DESCRIPTION OF OUR DEBT SECURITIES
The following description sets forth certain general terms and provisions of the debt securities that we may offer under this prospectus and the applicable prospectus supplement. We will provide additional or different terms of the debt securities in the applicable prospectus supplement.
We will issue debt securities under an indenture, dated as of December 15, 2020, between the Company and U.S. Bank Trust Company, National Association (as successor in interest to U.S. Bank National Association), as trustee. We refer to this indenture, as amended and supplemented from time to time, as the “Indenture.” Previously, we entered into an indenture, dated as of July 20, 1994, as amended, supplemented and restated by a supplemental indenture, dated as of March 3, 1995, and as further amended or supplemented by a second supplemental indenture, dated as of November 25, 2015, in each case, with The Bank of New York Mellon Trust Company, N.A., as successor trustee (together, the “1995 Indenture”).
The following description summarizes some of the provisions of the Indenture. However, we have not described every aspect of the debt securities. In the summary below, we have included references for section numbers of the Indenture so that you can easily locate the applicable provisions. You should refer to the Indenture for a complete description of its provisions, because the Indenture, and not this description, will define your rights as a holder of the debt securities. Whenever we refer to particular sections or defined terms of the Indenture in this prospectus or in any applicable prospectus supplement, we are incorporating by reference those sections or defined terms into this prospectus or the applicable prospectus supplement.
We have filed the Indenture as an exhibit to the registration statement of which this prospectus is a part, and supplemental indentures and forms of debt securities containing the terms of the debt securities being offered will be filed as exhibits to the registration statement of which this prospectus is a part or will be incorporated by reference from reports that we file with the SEC. See “Where You Can Find More Information” for information on how to obtain a copy of the Indenture and any supplements thereto.
In the following description, all references to the “Company,” “we,” “us” and “our” refer only to Coca-Cola Consolidated, Inc. and not to any of its subsidiaries.
General
The Indenture does not limit the aggregate principal amount of debt securities that we may issue under the Indenture and provides that we may issue debt securities from time to time in one or more series. (Section 2.01). In addition, neither the Indenture nor the debt securities issued pursuant to the Indenture will limit or otherwise restrict the amount of senior indebtedness that we or our subsidiaries may incur.

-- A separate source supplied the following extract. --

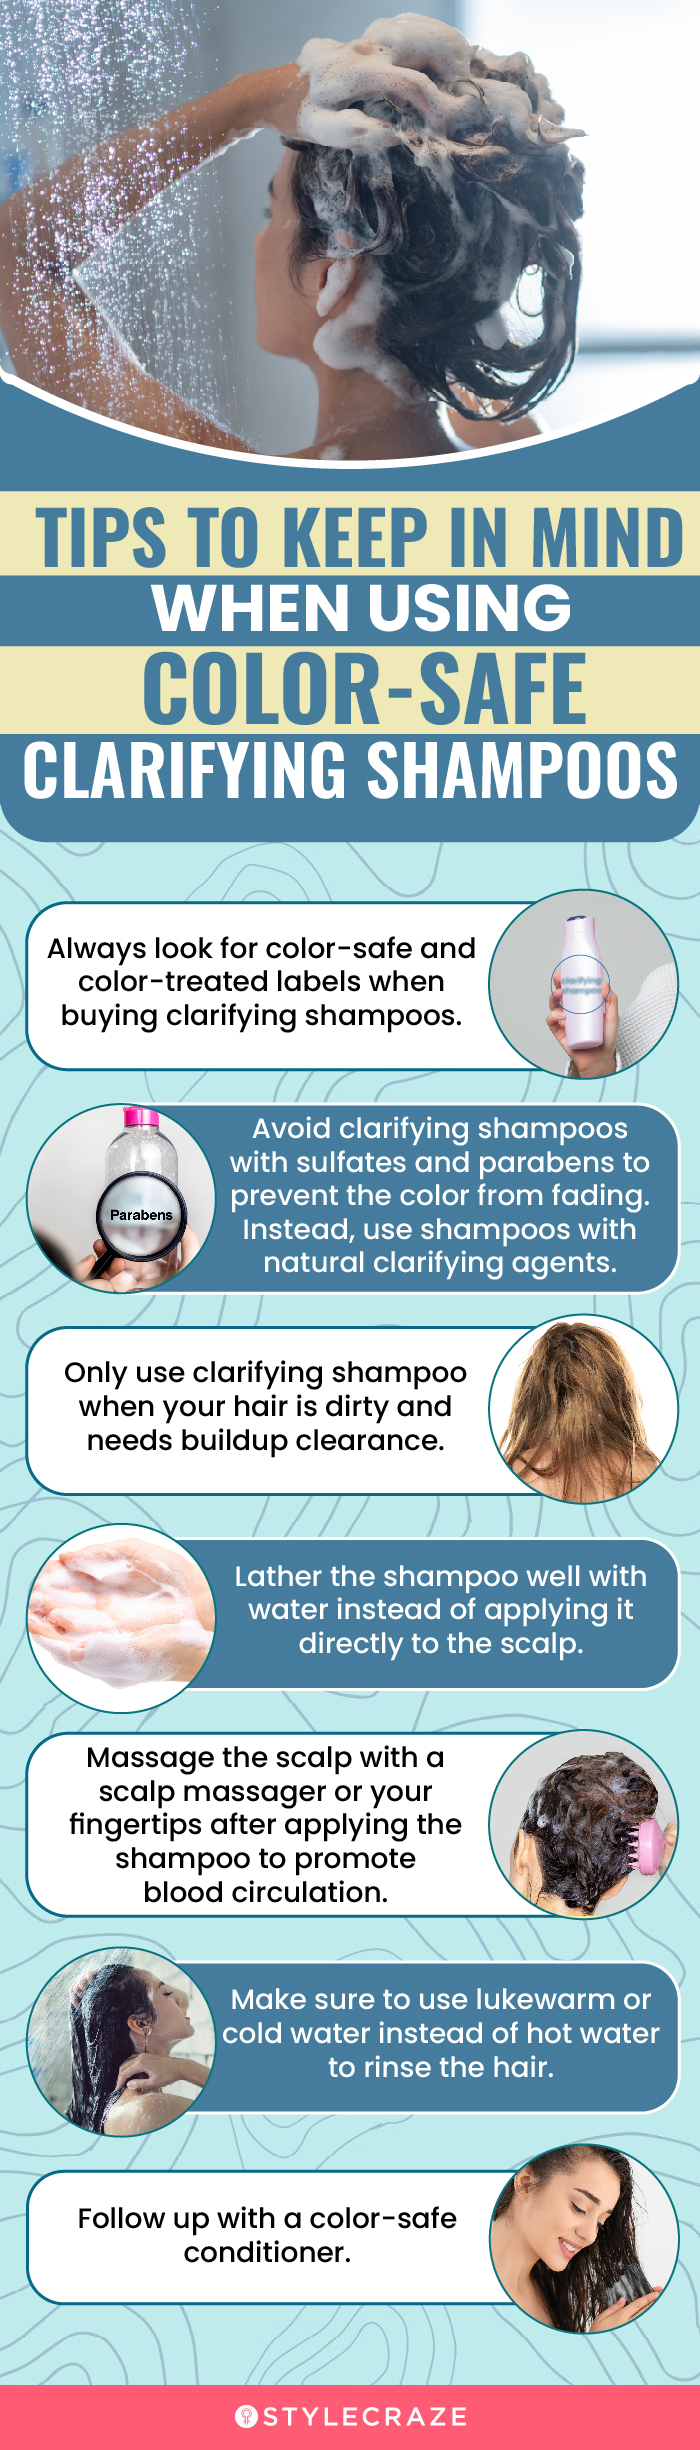 Tips To Keep In Mind When Using Color-Safe Clarifying Shampoo (infographic)
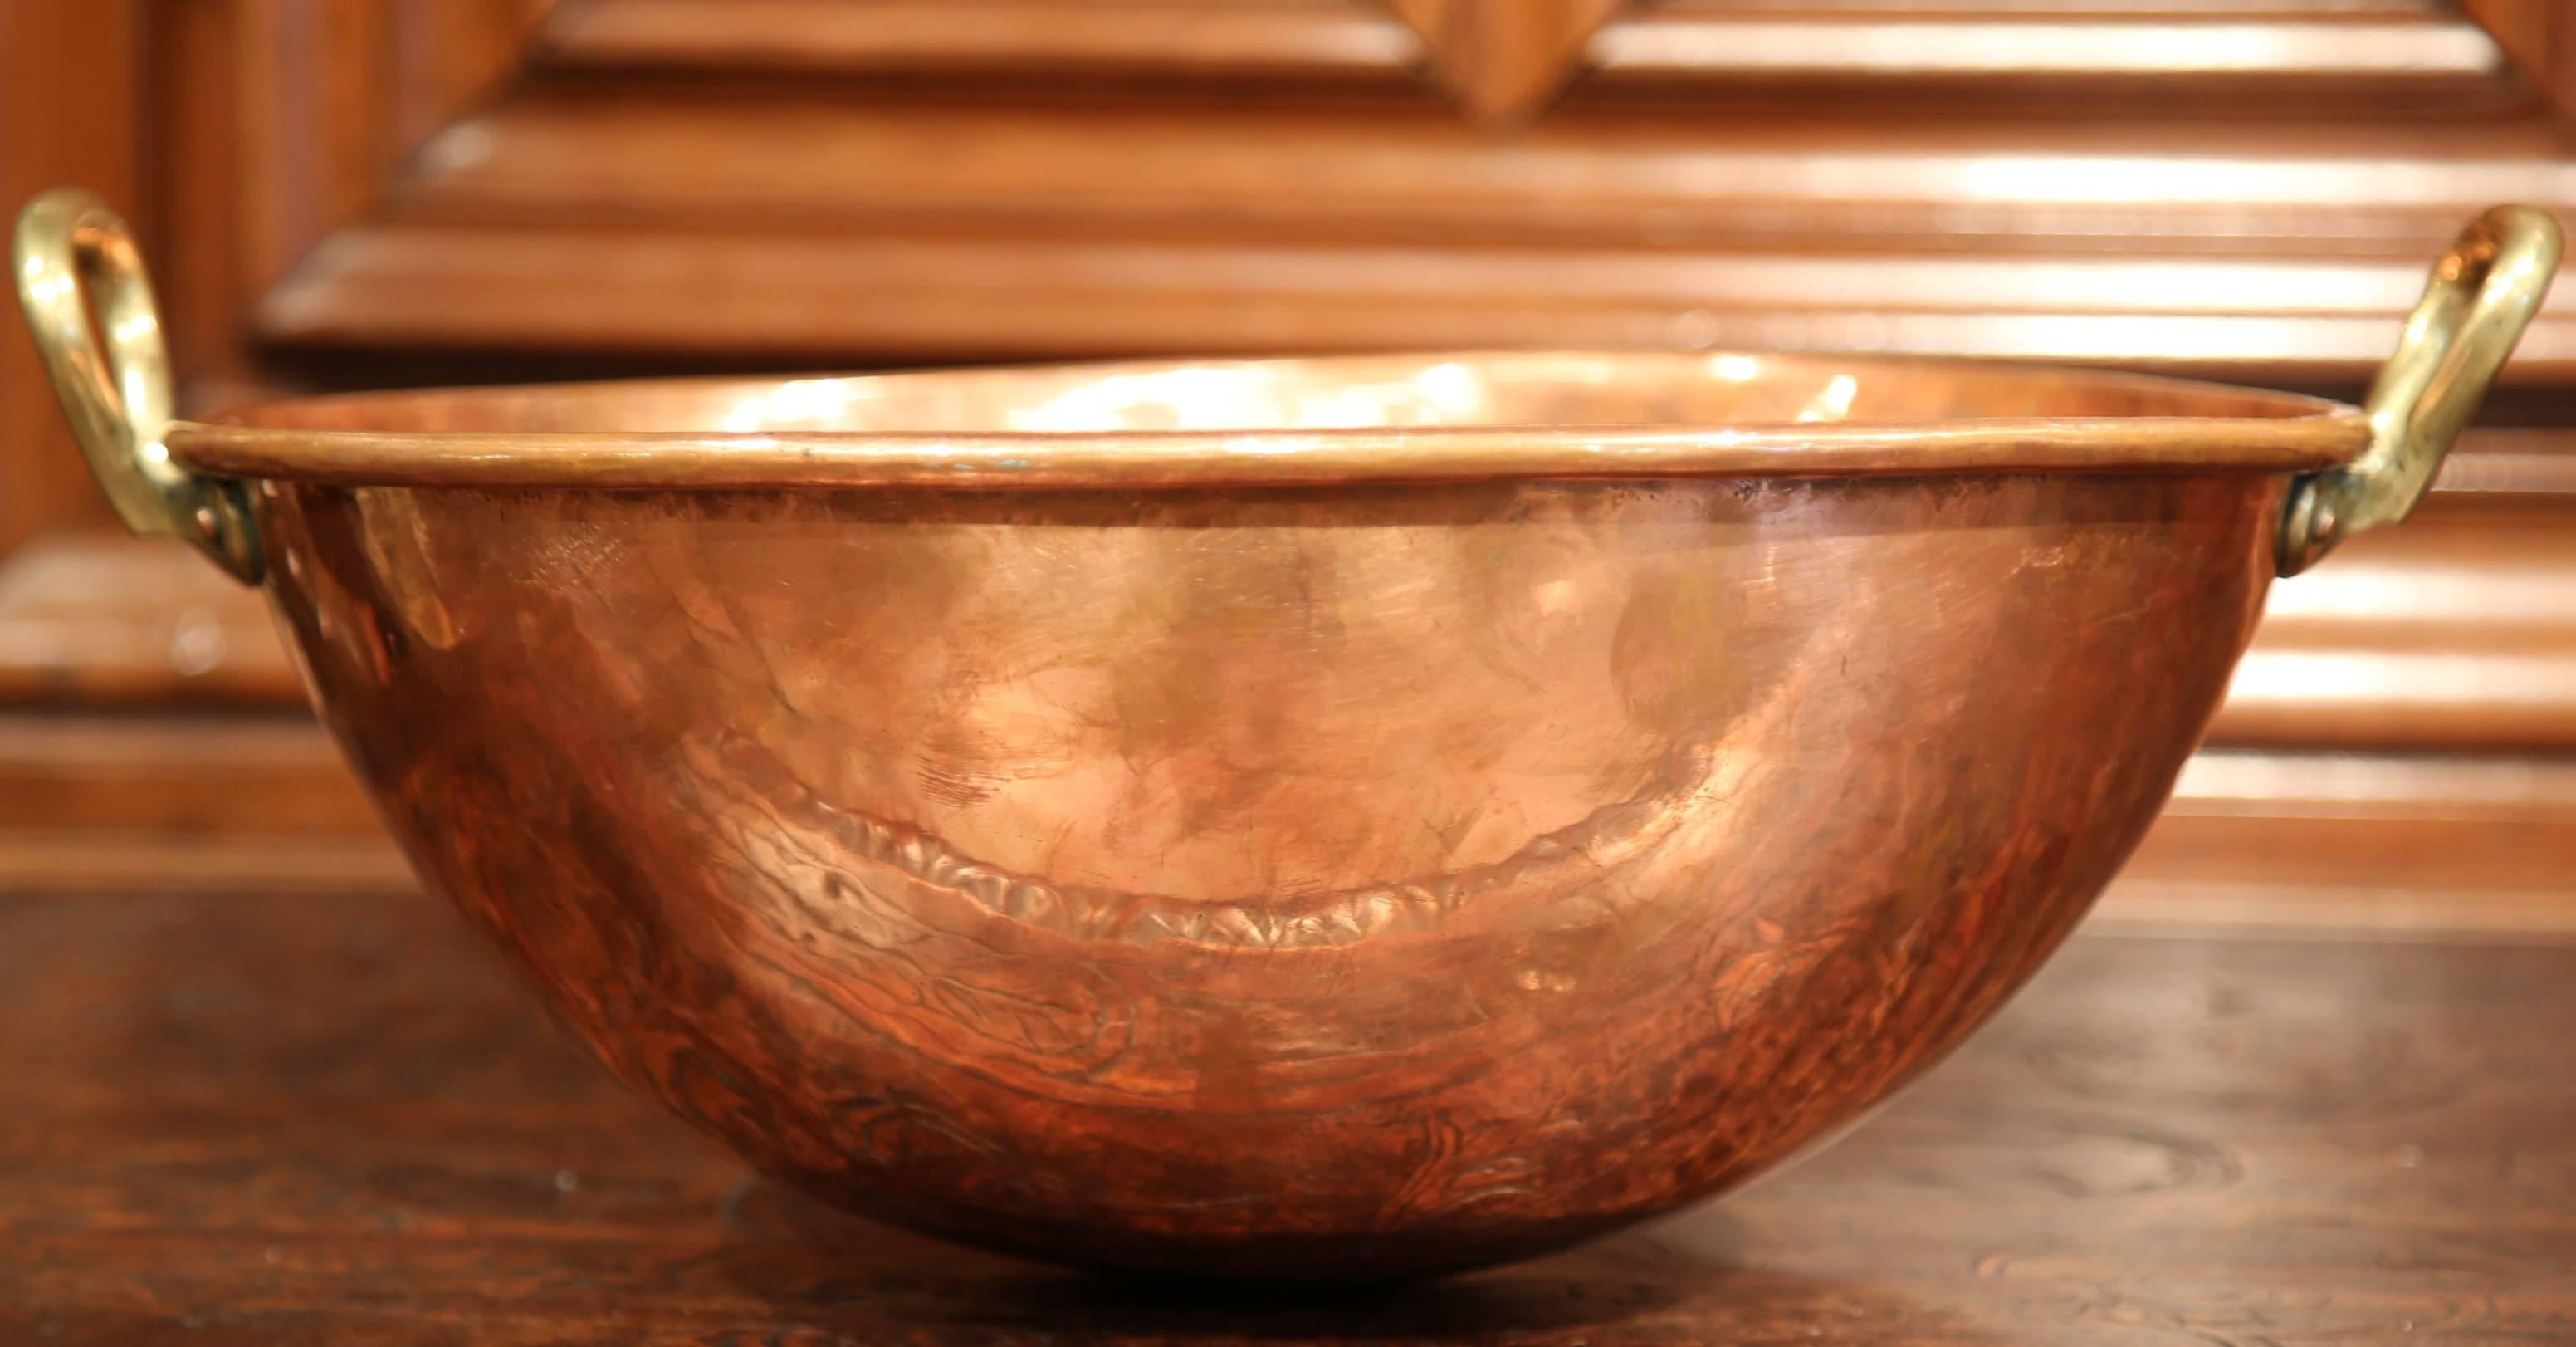 Hand-Crafted 19th Century French Patinated Copper Round Jelly Bowl with Handles

As of November 30, 2023, we had not issued any debt securities under the Indenture and we had outstanding approximately $350,000,000 aggregate principal amount of 3.800% Senior Notes due 2025 under the 1995 Indenture.
The debt securities issued pursuant to the Indenture will be our senior unsecured obligations and will rank pari passu with all of our other existing and future senior unsecured indebtedness, including the notes outstanding under the 1995 Indenture. The debt securities will be effectively subordinated to our existing and future secured indebtedness to the extent of the value of the assets securing such indebtedness. The debt securities will be structurally subordinated to all existing and future indebtedness and other liabilities of our subsidiaries. This means that holders of the debt securities will have a junior position to the claims of creditors of our subsidiaries on the assets and earnings of such subsidiaries. In other words, if we should default on our debt, we will not make payments on the debt securities until we have fully paid off our secured indebtedness and any indebtedness and other liabilities of our subsidiaries.